On Tuesday, 17 May 2016 at 17:31:47 UTC, Andrei Alexandrescu
wrote:
We should take advantage of the improved partition code I
discussed at ACCU. Also there's a person on
https://www.reddit.com/r/programming/comments/4jlkhv/accu_2016_keynote_by_andrei_alexandrescu/ discussing a simpler algorithm based on a couple of additional assumptions.
...
Interesting optimization, I hope you don't mind if I use it for
my implementation of Quicksort. However, I would like to suggest
another improvement that I devised a while back.
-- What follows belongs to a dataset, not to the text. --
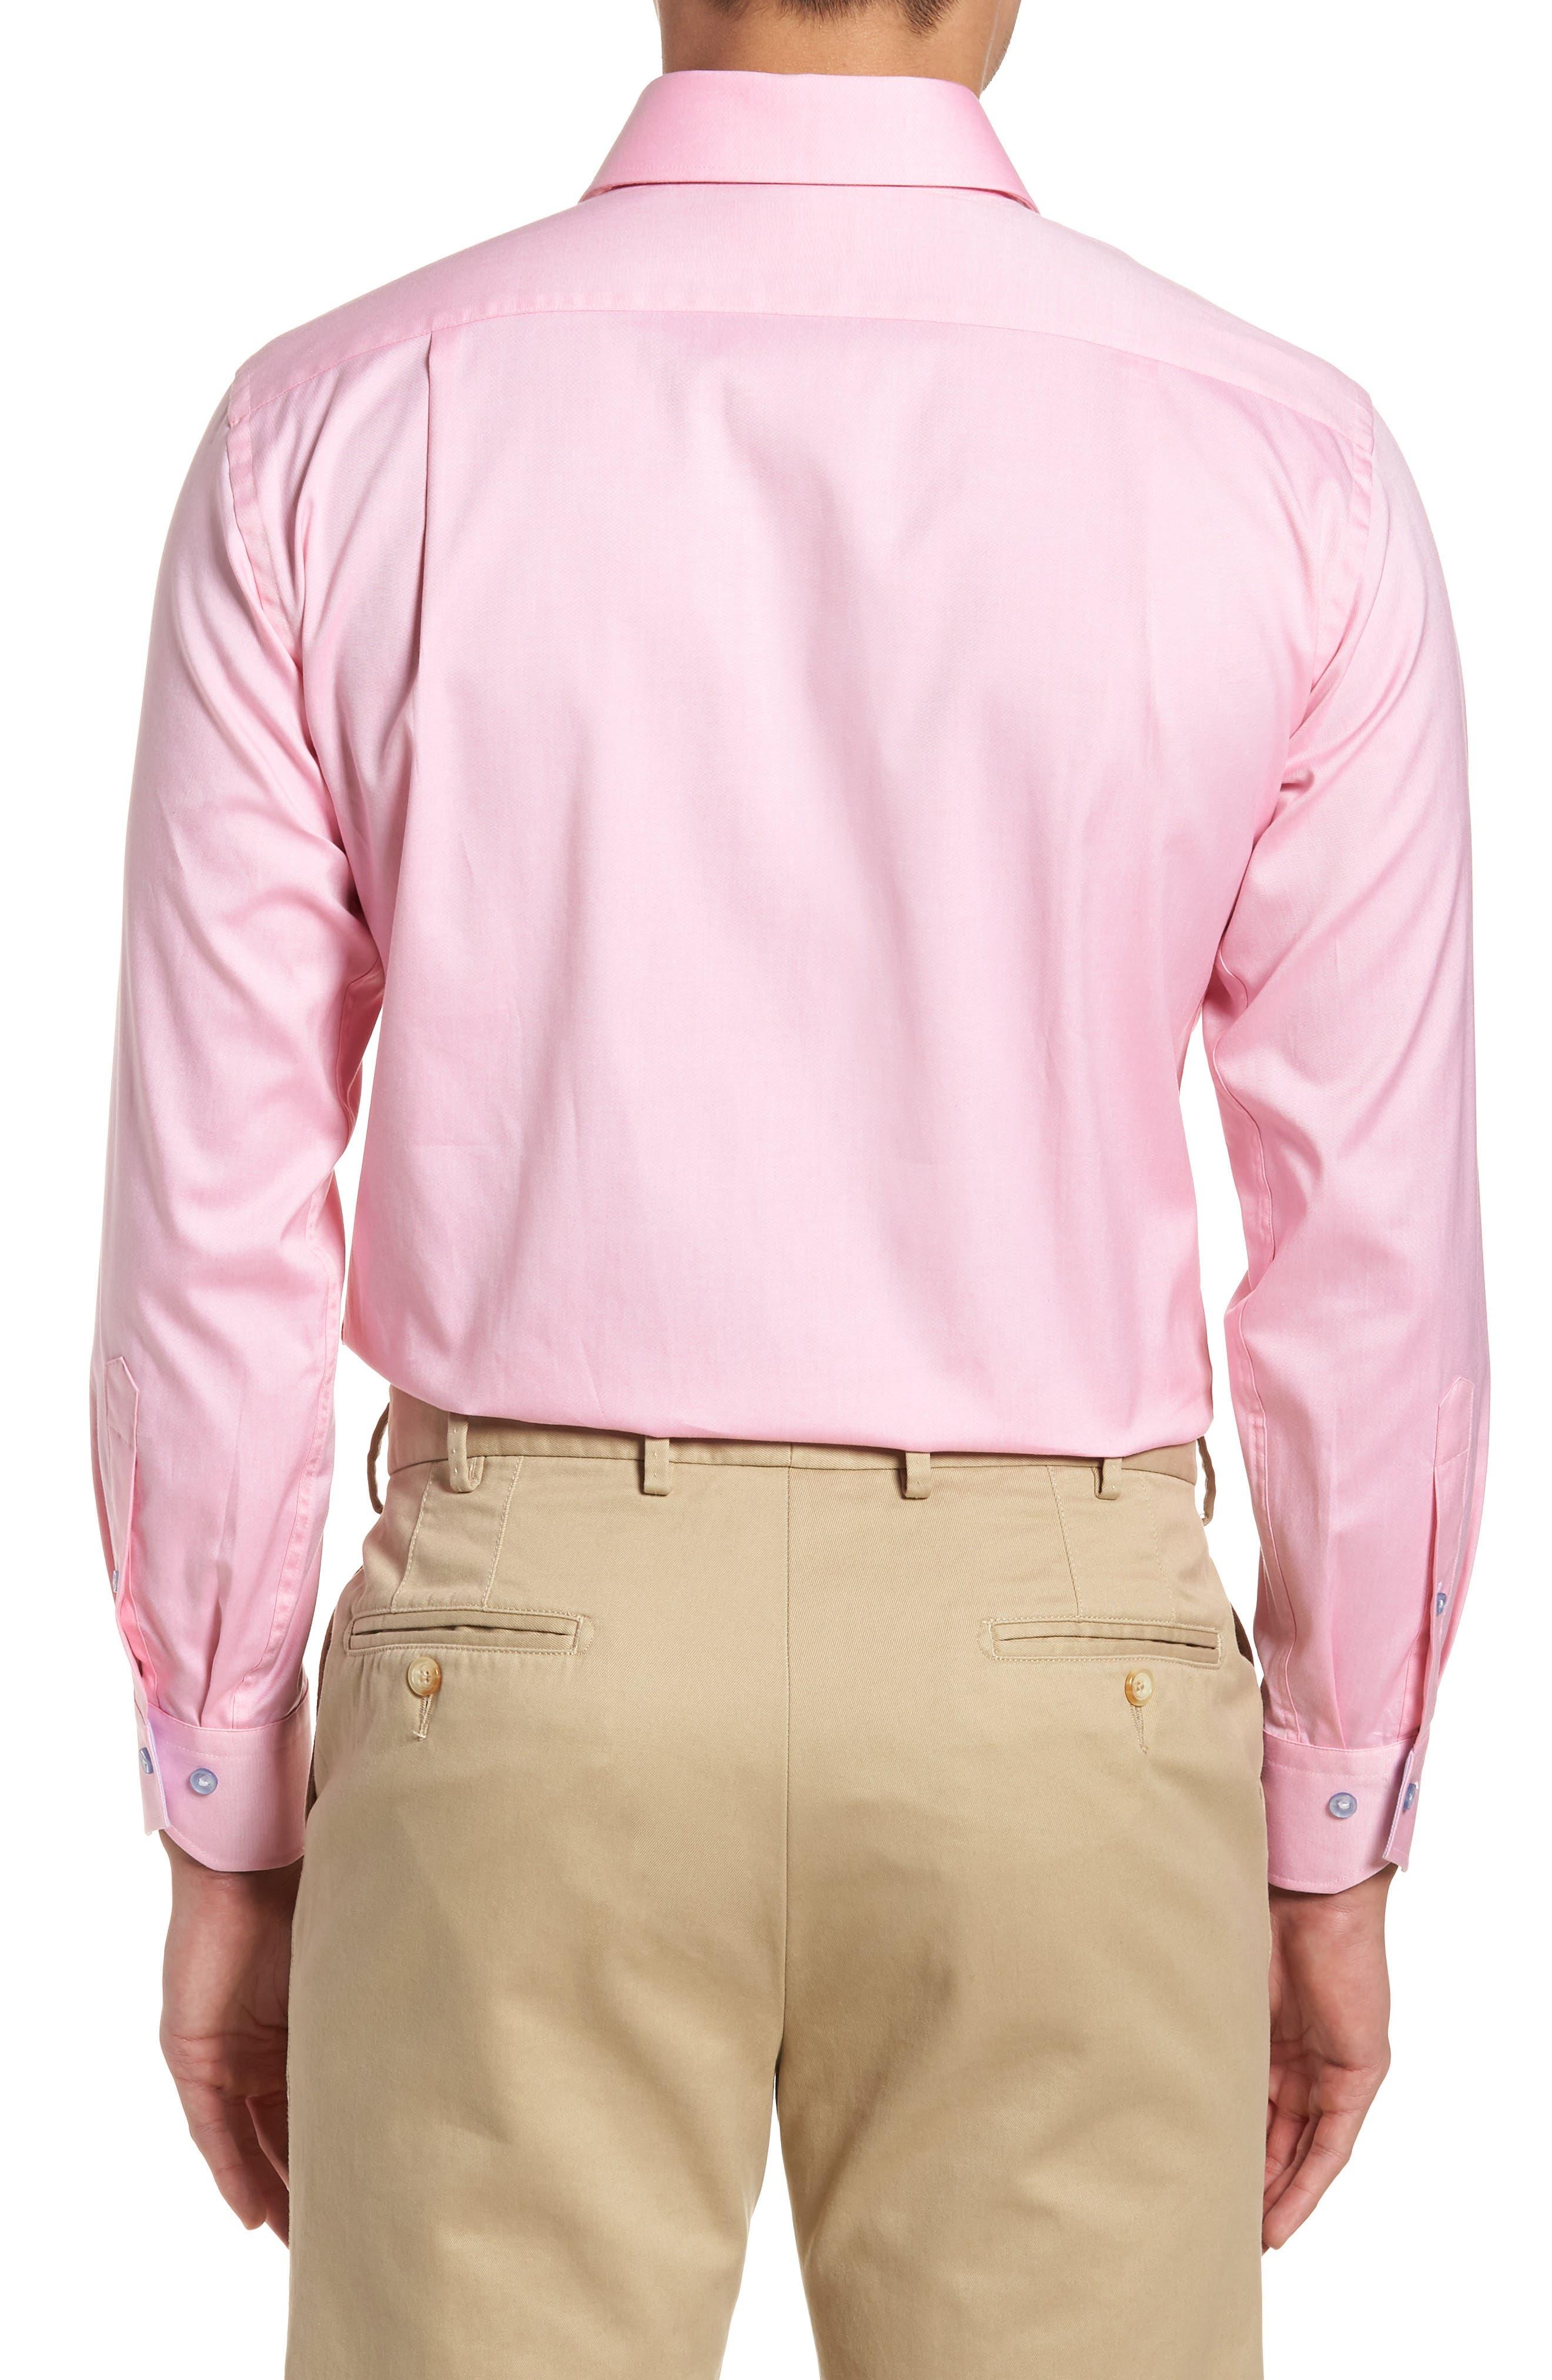 Trim Fit Oxford Dress Shirt,                             Alternate thumbnail 3, color,                             Pink
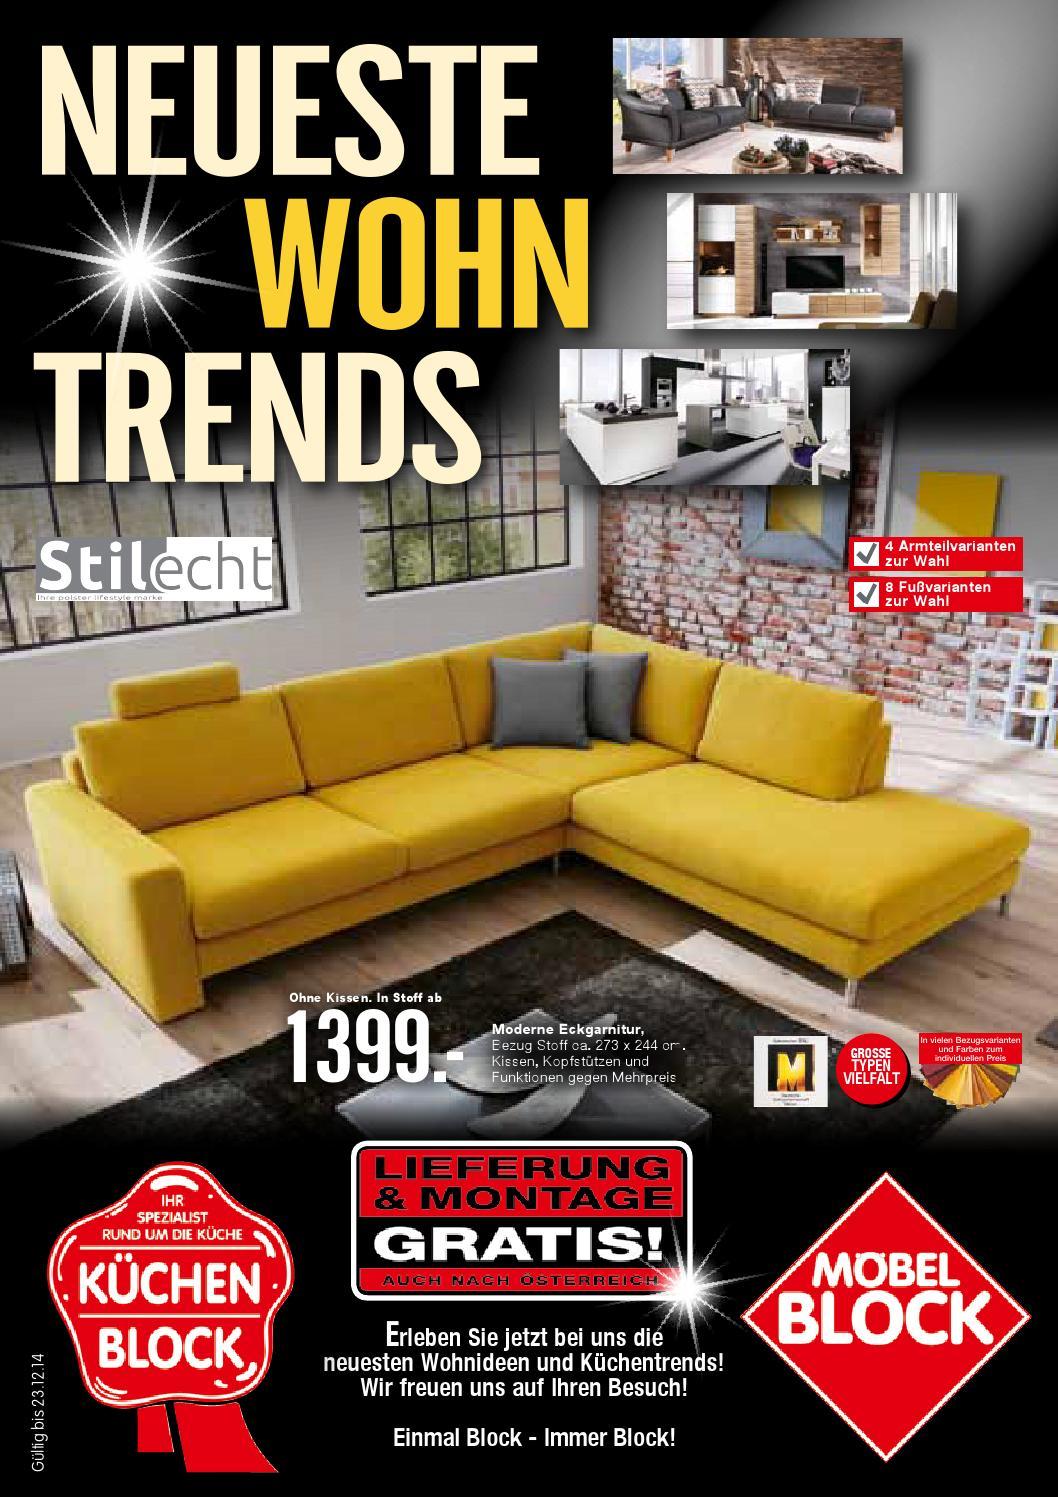 moebel block kw49 by russmedia digital gmbh issuu. Black Bedroom Furniture Sets. Home Design Ideas

One shortcoming I find in most implementations of partition is
the unnecessary swapping of elements equal to the pivot resulting
in much unneeded work. The code in your slides has this same
shortcoming. Imagine, for some reason, you call a pivot on an
array full of zeroes. It's going to be moving lots of elements
around for no good reason.
The obvious solution is to simply skip over equal elements but
that is not enough. Reconsider the array full of zeroes; if you
simply skip over all equal elements on the first pass, then the
pivot will end up at the very front or end of the array. Ideally,
at least when sorting, you want the pivot to occur as close to
the center as possible.
My solution is to alternate between incrementing "lo" and "hi"
only one step at a time, skipping over equal elements in the
process. A priori, with an array full of zeroes, the pivot ends
up in the center. Only once you find an element that belongs in
the other partition do you fall back to the Hoare partition
scheme and increment the other iterator until you find another
element to swap with, but do not skip over equal elements in this
case! Otherwise, you can trigger the same behavior as before with
quadratic running time.
Anyways, my solution can be found at the link below. It can be
over twice as fast in an ideal case, but when applied to real
world data with lots of duplicate elements, maybe 5-10% faster.
https://github.com/Xinok/XSort/blob/master/xsort/introsort.d#L171
I don't claim credit for this technique. Admittedly I haven't
really tried looking around to see if anybody else has come up
with the same solution but I'm probably not the first.